I find it fascinating the way God speaks to his children.
I JUST posted a blog entry that speaks of these same things (self-emptying) just moments before I came to "a new life emerging."
Thank you for your thoughts on the subject. Better yet, thank you for opening yourself up (or emptying yourself out, rather) in allowing God to speak through you.
Peace, brother!
Thank Larry, Crystal, Steve, and Trev. Your comments are greatly appreciated. 1 John 2 says that if we are in God we will walk as Jesus walked. I often wonder if I am willing to walk AS Jesus or WITH Jesus or WHERE Jesus walked. The hard cold truth is that I probably don't . Yes, I know that grace is real etc., yet I find myself torn. One of the main characteristics of Jesus was his self-emptying. It is perhaps impossible to be "in God" wthout some form of emptying. No, I am not Jesus... and yes I think I am called to walk like him.

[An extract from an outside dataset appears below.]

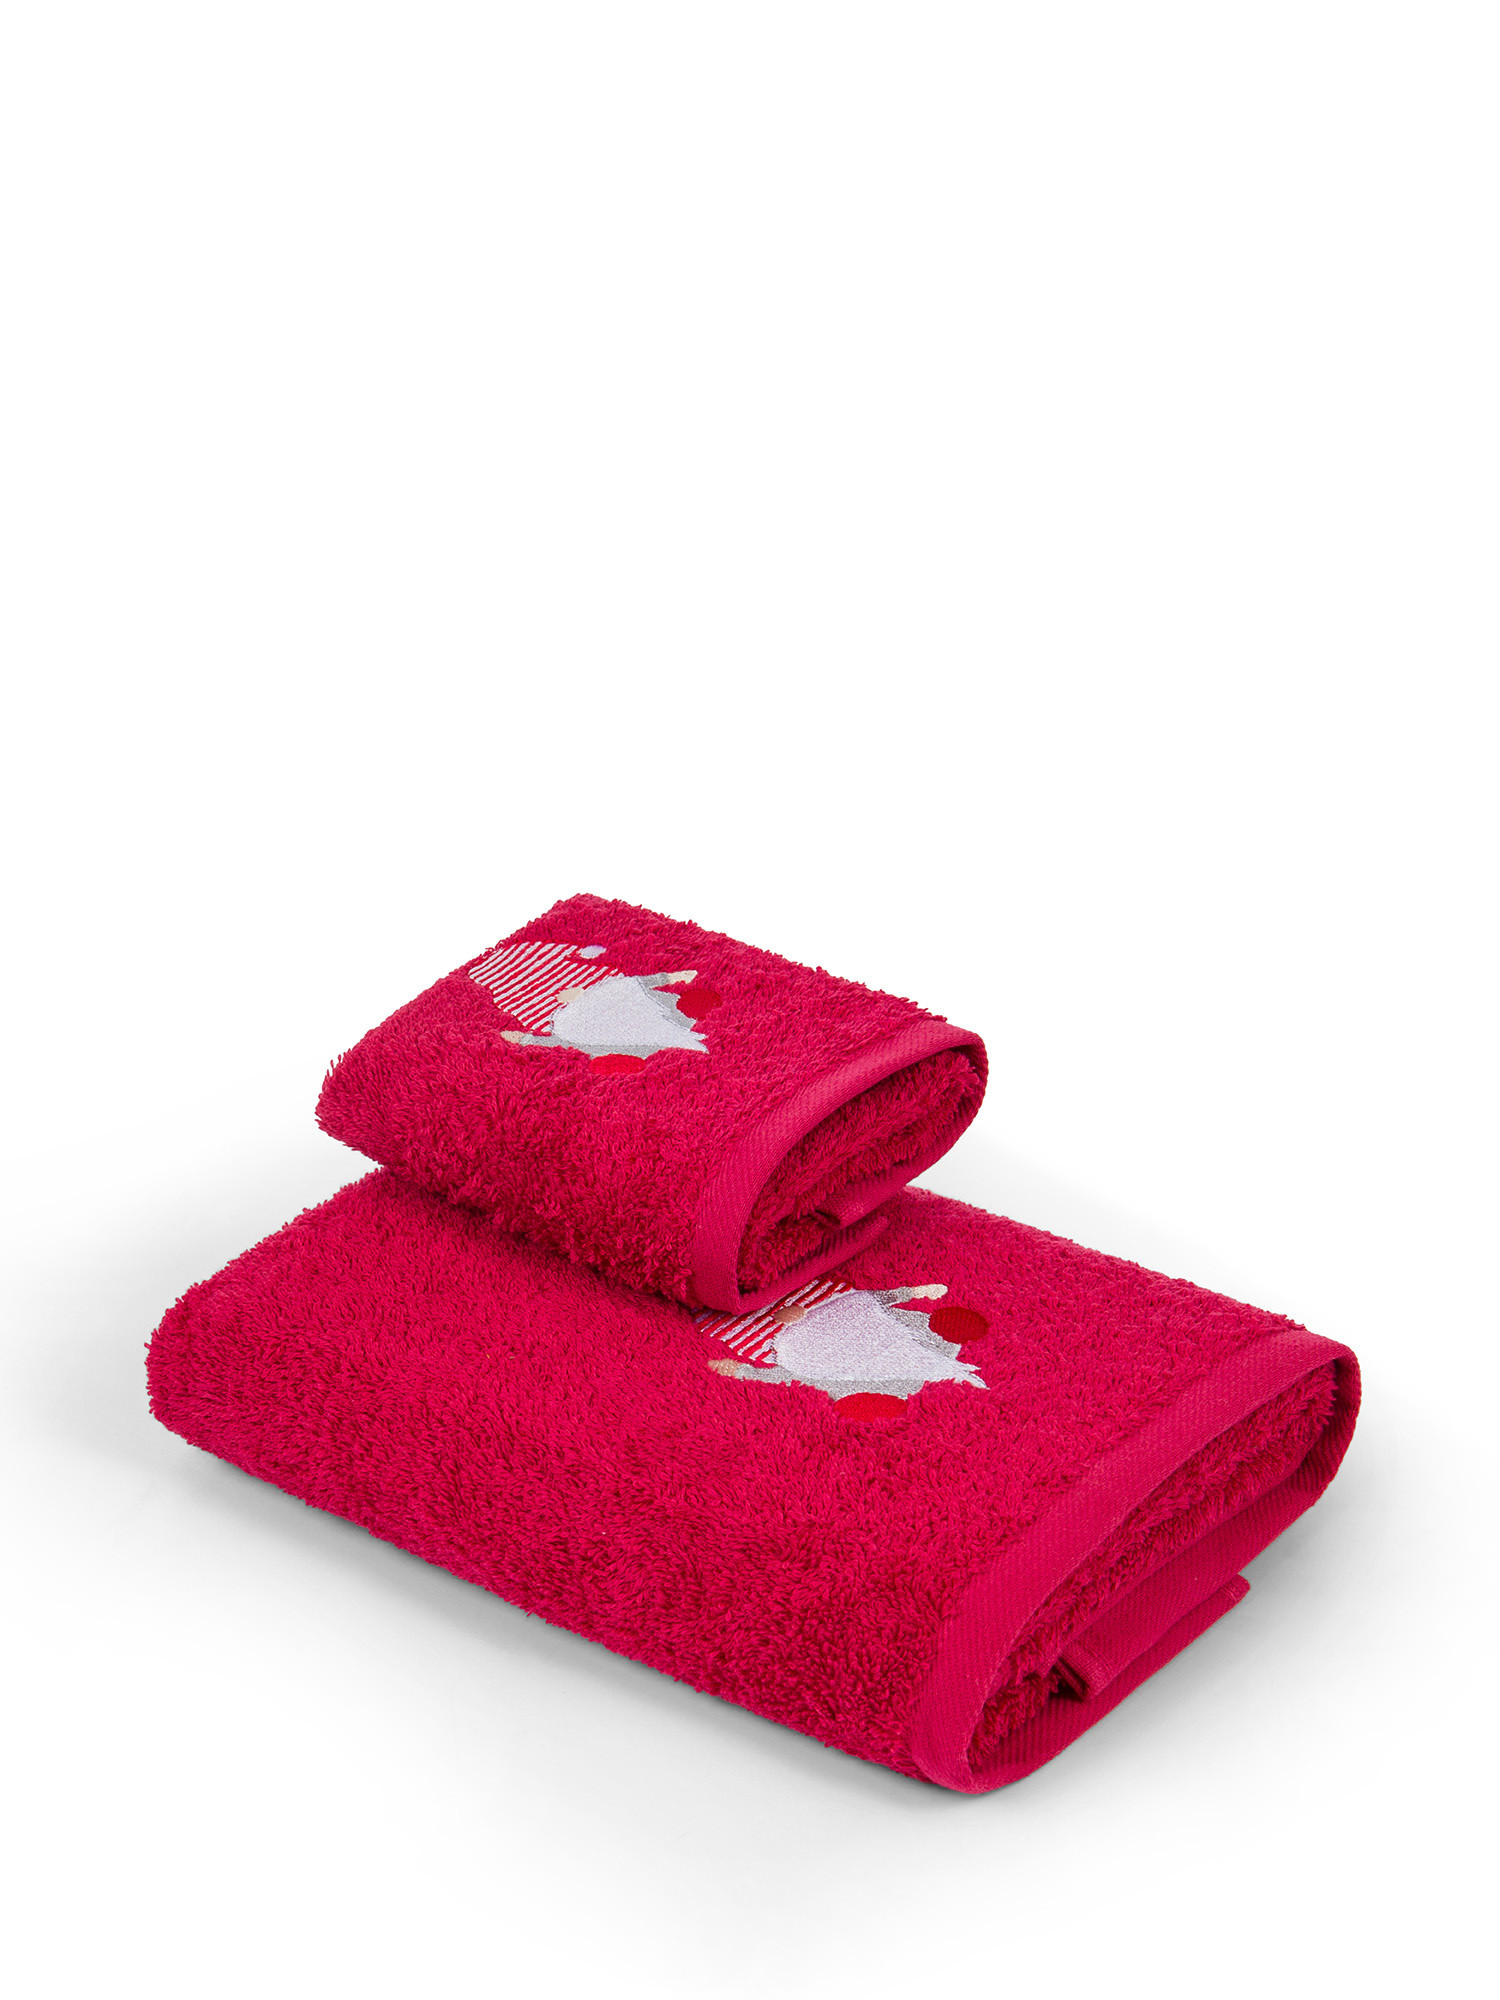 Комплект из 2-х хлопковых полотенец с вышивкой гномиков., красный

Most often I don't have the guts for it requires my emptying myself of "self-preservation".
Rick
u go rick...
my walk was/has been so screwed up, that that was/is a big part of the reason for deathway...

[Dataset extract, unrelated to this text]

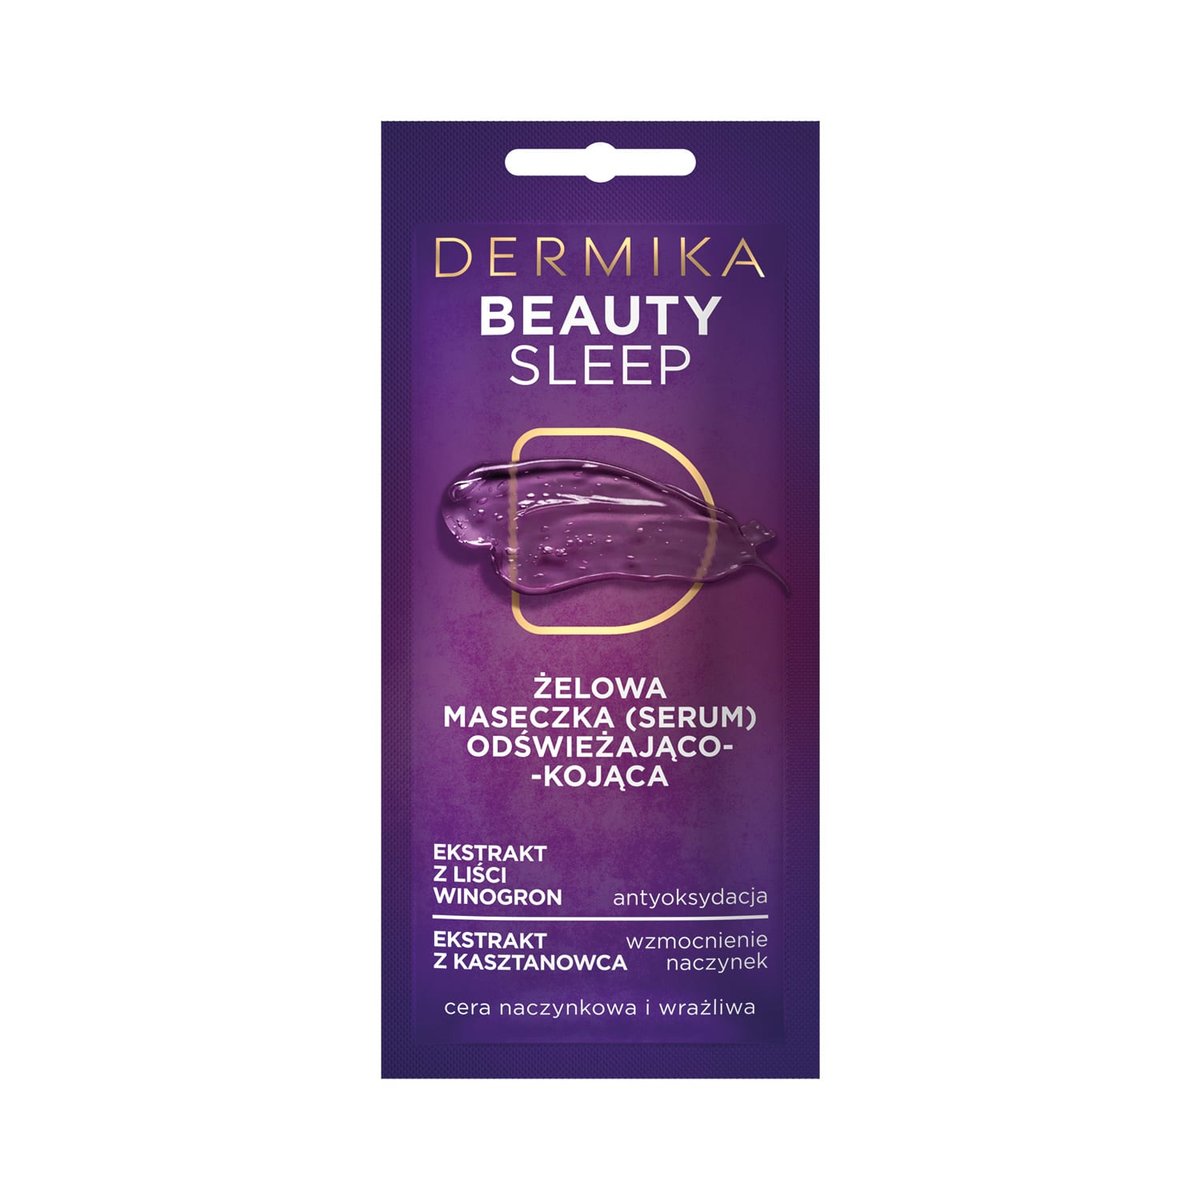 Dermika Beauty Sleep odświeżająco-kojąca żelowa maseczka piękności 10ml

sort of like a reminder of this idea of emptying...
it's like a suffer from spiritual alzheimer's...
real good memory...real short tho...often forgetting the very things that i knew...
I think all our hearts long for the transformational power that is the presence of Christ. We may be frightened of losing ourselves to him, we may conciously reject Him -even deny Him - but our hearts, created for Him, long for His touch.

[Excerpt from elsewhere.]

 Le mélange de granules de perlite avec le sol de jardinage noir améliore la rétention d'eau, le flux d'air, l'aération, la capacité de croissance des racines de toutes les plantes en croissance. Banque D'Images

i think about st. peter when Jesus asked him, "and who do you say that I am?" and "Simon Peter said in reply, "You are the Messiah, the Son of the living God." that was in matthew 16, verse 16.
and by matthew 16 (same chapter), verse 21: "From that time on, Jesus began to show his disciples that He must go to jerusalem and suffer greatly from the elders, the chief priests, and the scribes, and be killed and on the third day be raised. then peter took him aside and began to rebuke him, "God forbid, Lord! no such thing shall ever happen to you." He turned and said to Peter, "get behind me, Satan! you are an obstacle to me. you are thinking not as God does, but as human beings do."
isn't peter just like us? blessed one minute and blowing it the next? no sooner was Jesus proclaiming peter's blessedness, He was rebuking him for blowing it because he thought as mere man thought and didn't listen to the Spirit inside of him.
i wish i could walk as Jesus walked. there are some days when i feel like i am not even close to being on the same side of the street, but i still try.
is it in the try?
I read today that there are two halves of the spiritual journey. The wanting to know answers and direction characterizes the first half. This could be thought of as management and control sprirituality. (Richard Rohr) This notion has us believe that the more you know what you are doing the better off you are. Perhaps we need to go through this first half. But as we become more open to recognizing an intimacy with God, of God within us, then we become softer, more willing. Perhaps this is a more willing to be open, more willing to 'walk as' Jesus walked. Knowing more in this season of spirituality is not the answer. If we think we know, then we are likely to take off with this knowledge and leave God behind - leave God out of our contemplations.
Most churches, it would seem, are geared toward the work of the first half of the spiritual journey: certainty, security, giving answers, figuring things out, knowing about life with God. The second half, well, this part we likely must do on our own. This is embracing the unknowing-ness of life. This is walking as... empty of self, of power, of the importance of possessions, to live in and to live as...God.